After realizing that the Crassostrea virginica (Eastern oyster) RNAseq data had relatively low alignment rates (see this notebook entry from 20220224 for a bit more background), I contacted ZymoResearch to see if they had any insight on what might be happening. I suspected rRNA contamination. ZymoResearch was kind enough to run the RNAseq data through their pipeline and provided us. This notebook entry provides a brief overview and thoughts on the report.

RESULTS

Output folder:

20220302-cvir-RNAseq-gonad-zymo_multiqc/
- Interactive MultiQC Report (HTML - will render in web browser):
  - zr4059_multiqc_report_with_alignment.html
  - The ZymoResearch explanation of their reports is here:

https://github.com/Zymo-Research/service-pipeline-documentation/blob/master/docs/how_to_use_RNAseq_report.md

The big takeaway here is that all of the male samples (samples names ending with an M) have the following issues:

significant amounts of gDNA
- characterized by significant quantities of reads mapping to introns; see RSeQC section of report
- characterized by significant quantities of reads mapping to sense strand; see Infer Experiment section of report
possible contaminating sequence
- characterized by two peaks in GC content; see Per Sequence GC Content section of report

So, with all of that in mind, I’m wondering how gDNA contamination would impact:

Differential gene expression?
Transcriptome assembly?

Keeping in mind we have an annotated genome that was used for aligning RNAseq. Will differential expression analysis take this into account and only deal with reads falling into regions annotated as RNA/CDS/exon/etc and ignore reads falling into intronic/intergenic regions? Same question applies for genome-guided transcriptome assembly (I’ll actually hit up the Trinity developer(s) to see their thoughts).

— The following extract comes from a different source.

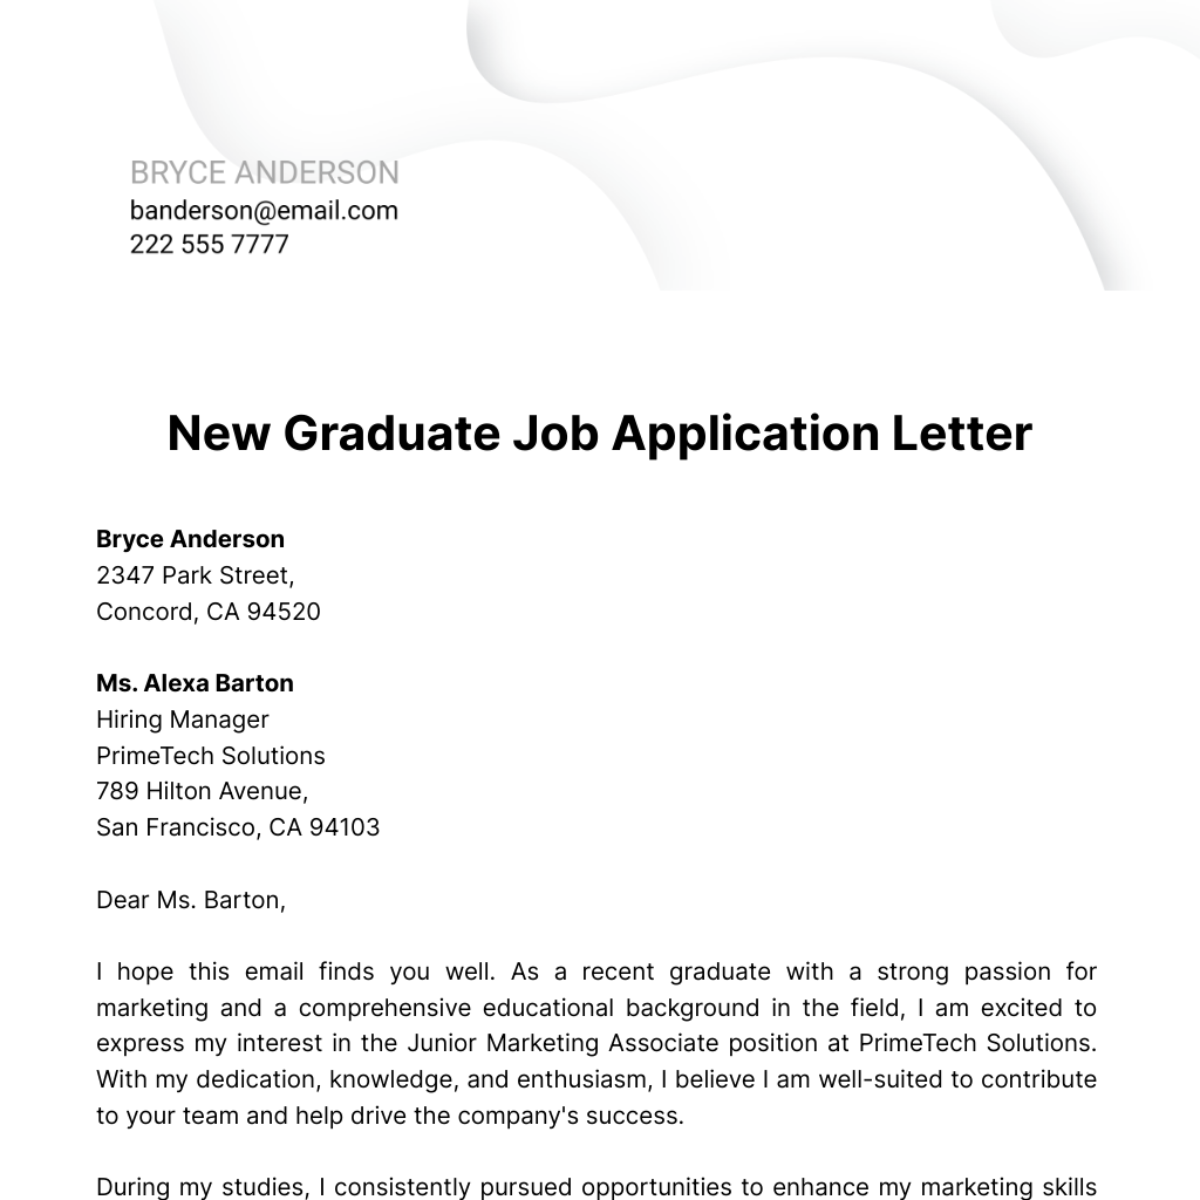 New Graduate Job Application Letter  Template

Or, do we have to filter the data ourselves to ensure that downstream analyses are only using reads aligning in RNA/CDS/exon/etc?

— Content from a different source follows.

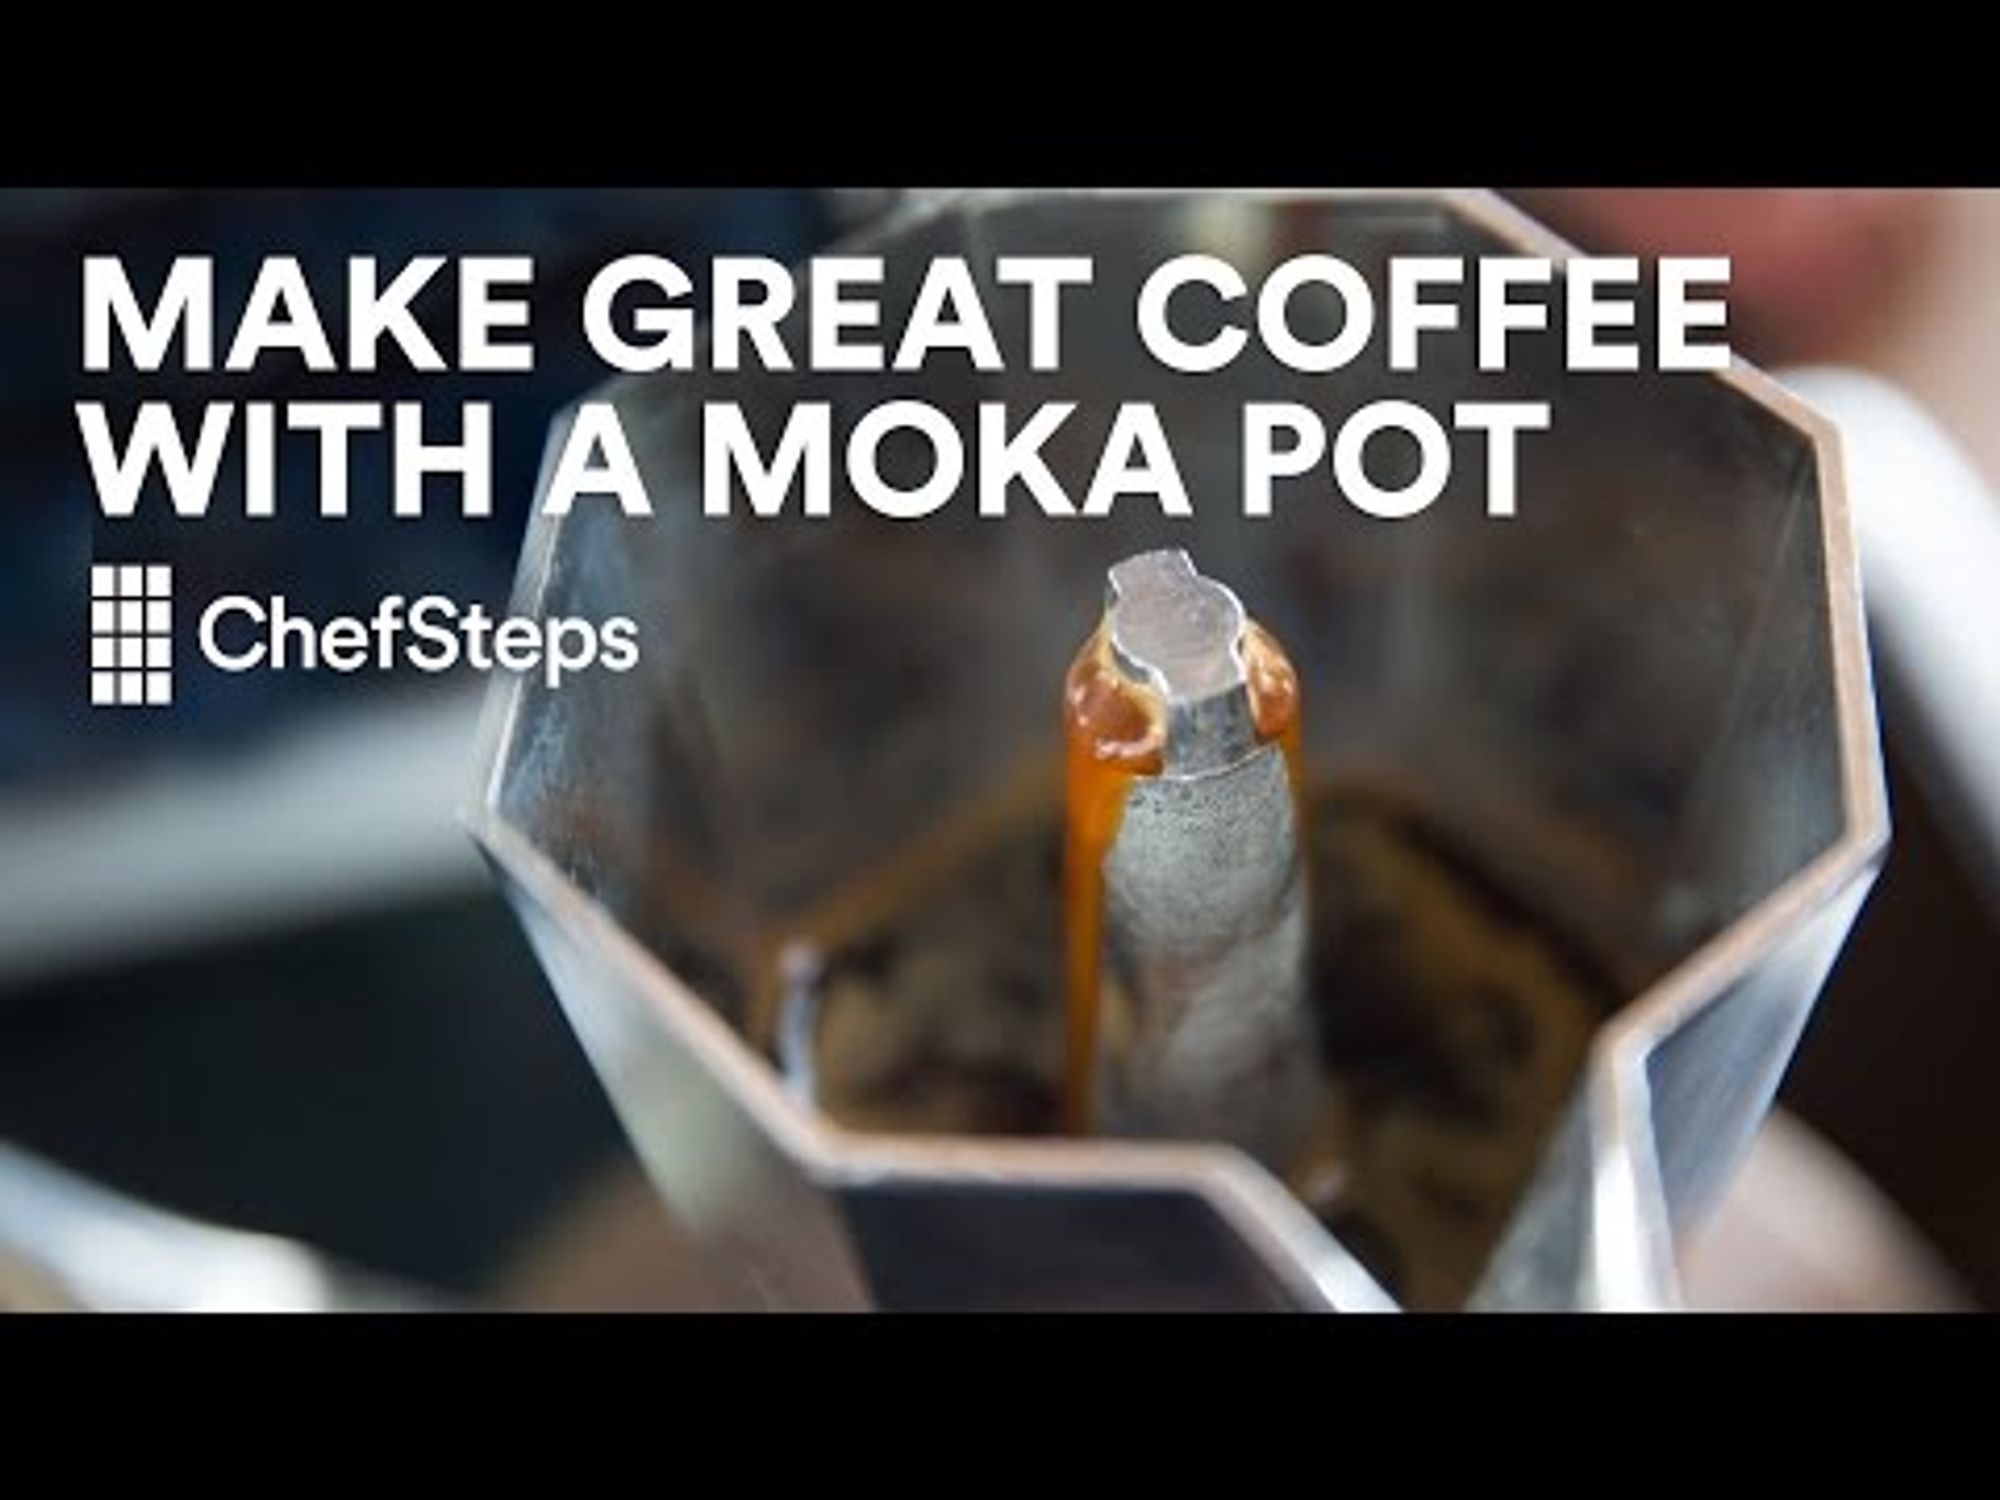 Make Great Coffee with a Moka Pot

I’d like to assume that downstream analysis will utilize only data which aligns to the parts of the genome that one would expect to generate transcripts, but we know what happens when we assume - we break the Golden Rule of Bioinformatics!

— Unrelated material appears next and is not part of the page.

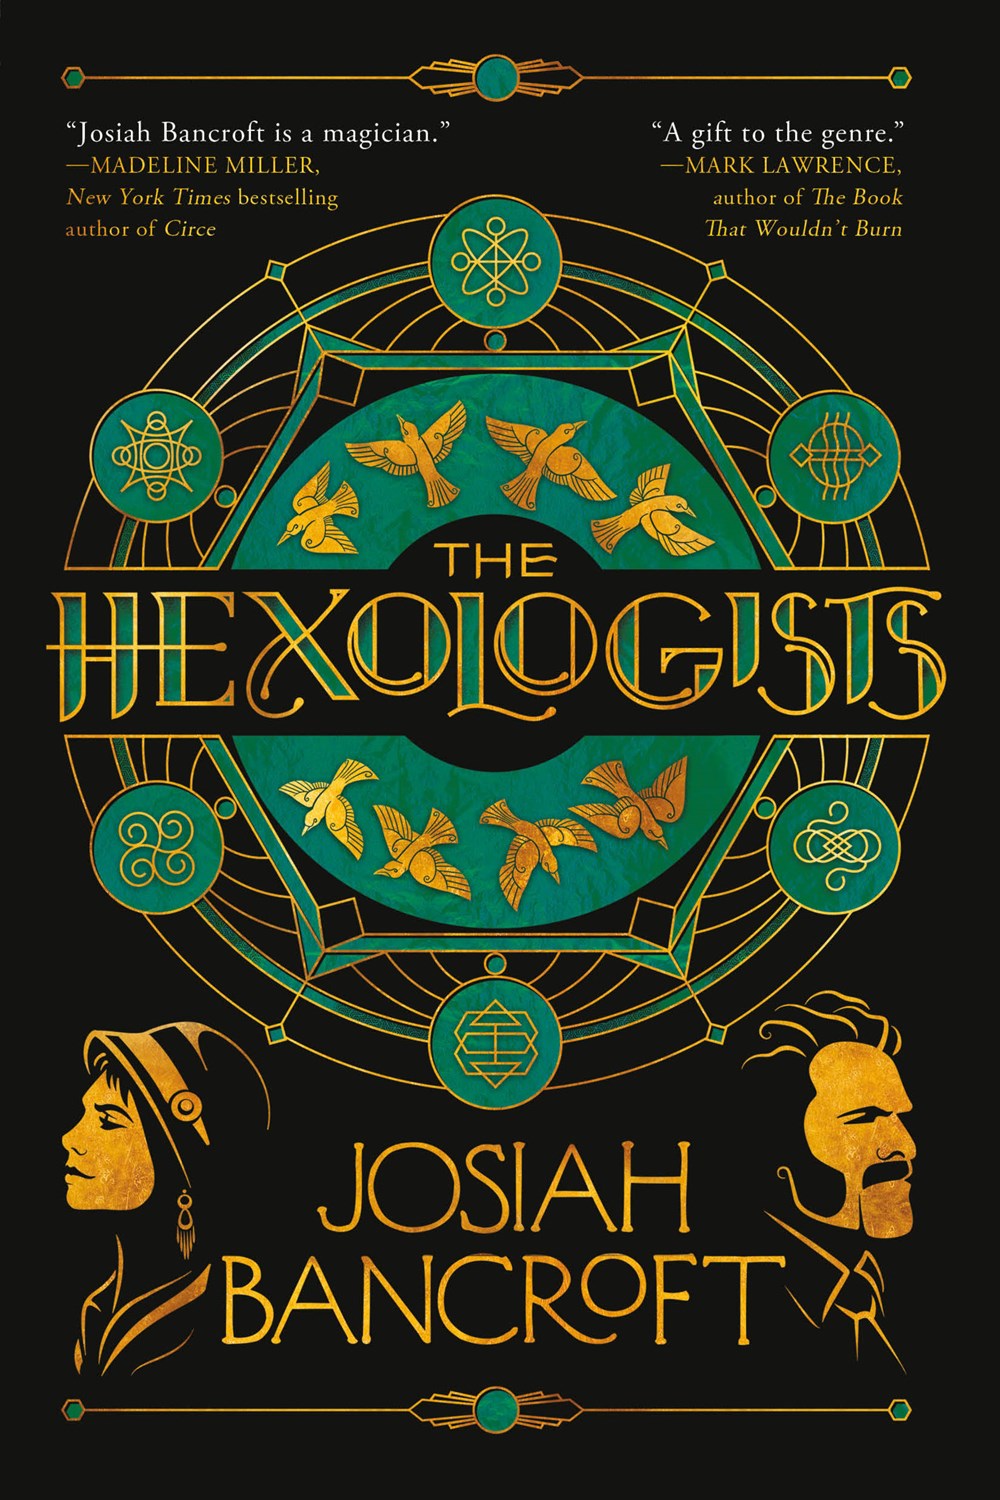 The Hexologists - Josiah Bancroft

On a side note, that MultiQC report is pretty boss! I always forget about all of the modules available! Also, it looks like they used an RNAseq Nextflow pipeline to handle all of that data processing (including some differential gene expression) - definitely pretty slick!

Also, in case someone revisits this post in the future (i.e. me!), I have most of this in GitHub Discussion which, hopefully, will be updated with input from others on the topic. That may be easier to reference instead of relying on me to update this single notebook entry if/when new information comes to light.